I applaud you for starting your own company. Sincerely. Takes a lot more grit than hanging out at a water cooler, griping about management decisions. Risk/reward, indeed.
This week I will leave my current job, one of two ways: start my own company, or go to work for a large company in the same industry. I've been losing sleep over the decision. But I believe I have two great options.
"And I love how the know nothing corporate management teams need to hire consultants to tell them how to manage their companies. Exactly what is management getting paid for? Listen to stock analysts for ideas and hire someone else to show them how to execute? If management really wanted to get rid of "dead wood" they should take a good look in the mirror. Lots of "featherbedders and dead wood" in the reflection."
Right on the mark.
The Raleigh N&O had a feature on team building today. Drumming was featured. One CEO in Illinois made his managers go white water rafting and rappelling.
To quote you, "Give me a break!"
And, no, I never took economics. But are all economists in agreement on all issues?

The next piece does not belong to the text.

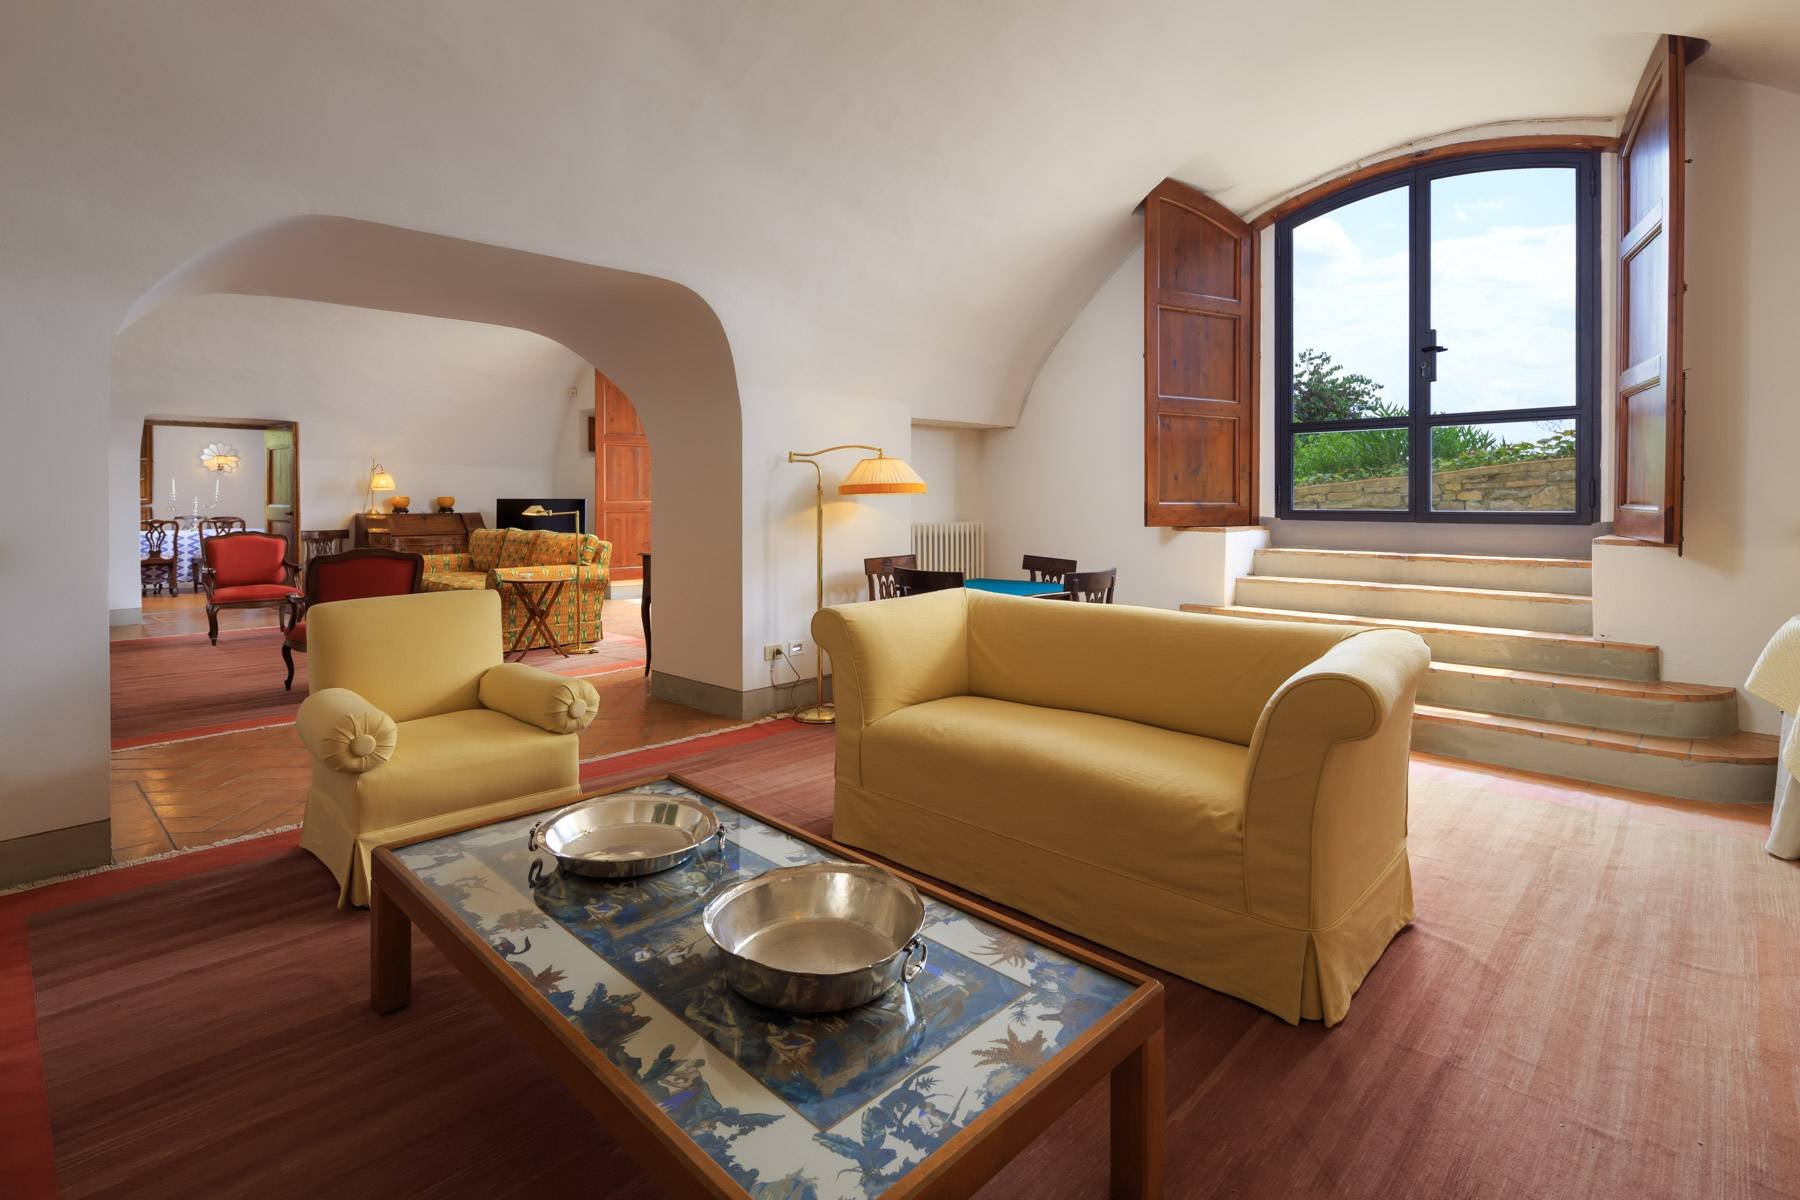 Villa in Affitto a Firenze: 5 locali, 600 mq - Foto 7

How is inflation affecting ME? And if the inflation index (currently aobut 2.5%?)is all encompassing, you should be able to make it fit me without any further information about me.
Which is a good thing, as you will avoid the red line of high RPM boredom.

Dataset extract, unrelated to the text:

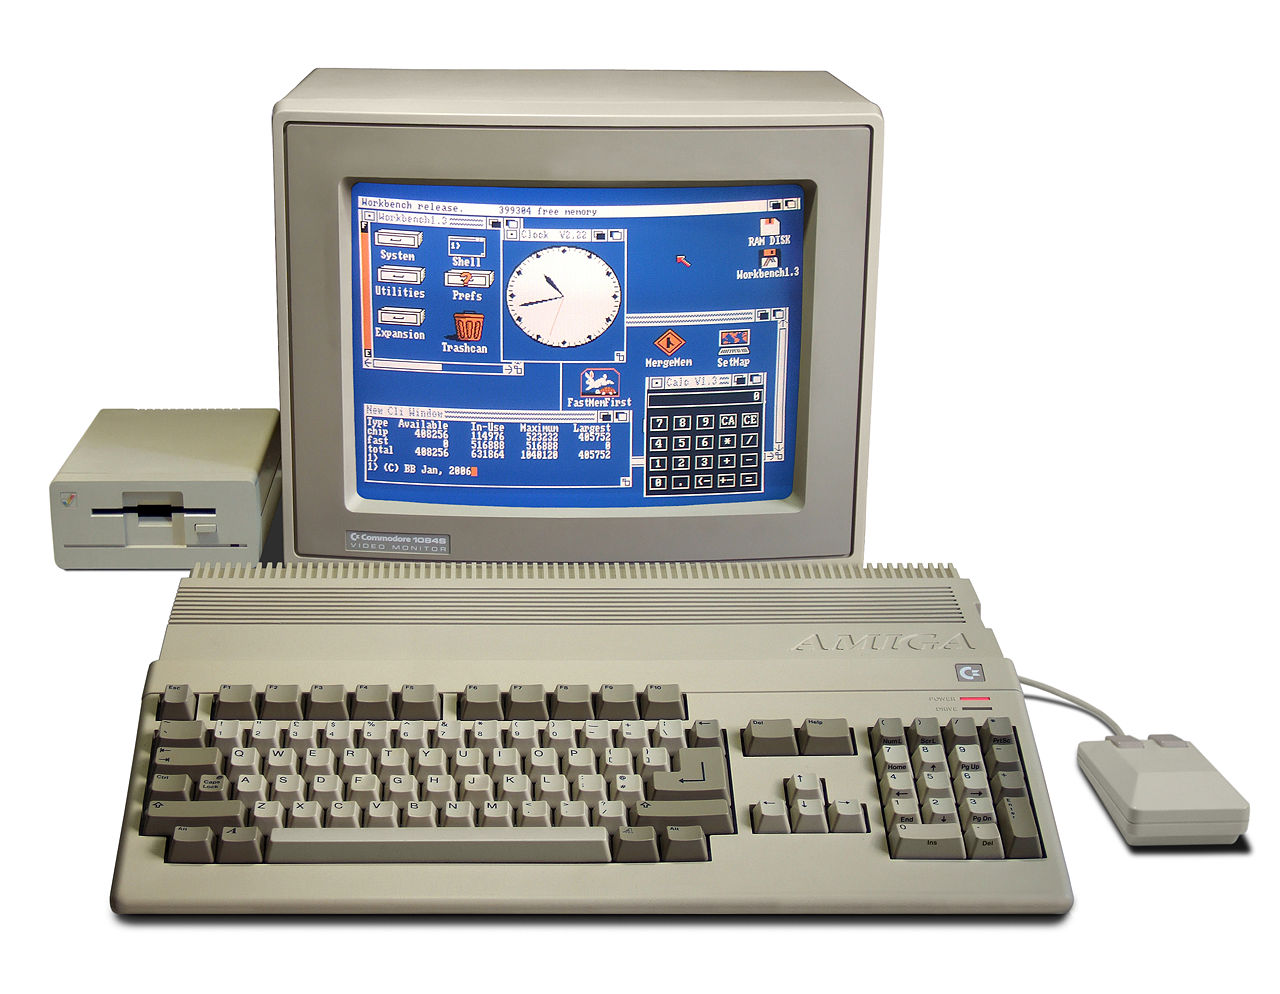 1280px Amiga500 System

Make me believe, and I'll fold like a cheap tent. 'Cause I'm rigid in ethics, but flexible in opinion. :)
Interesting quote - "tellers are probably the most important BBT employee to most of us". Certainly tellers are important especially since they are face to face with the customer. But seriously, why would one go to a branch any more? There are a lot of other things about a financial institution more important to me than a branch. I can not recall the last time I went to a branch.
I would rather see the focus on making sure I did not have to go to a branch to do business with BB&T.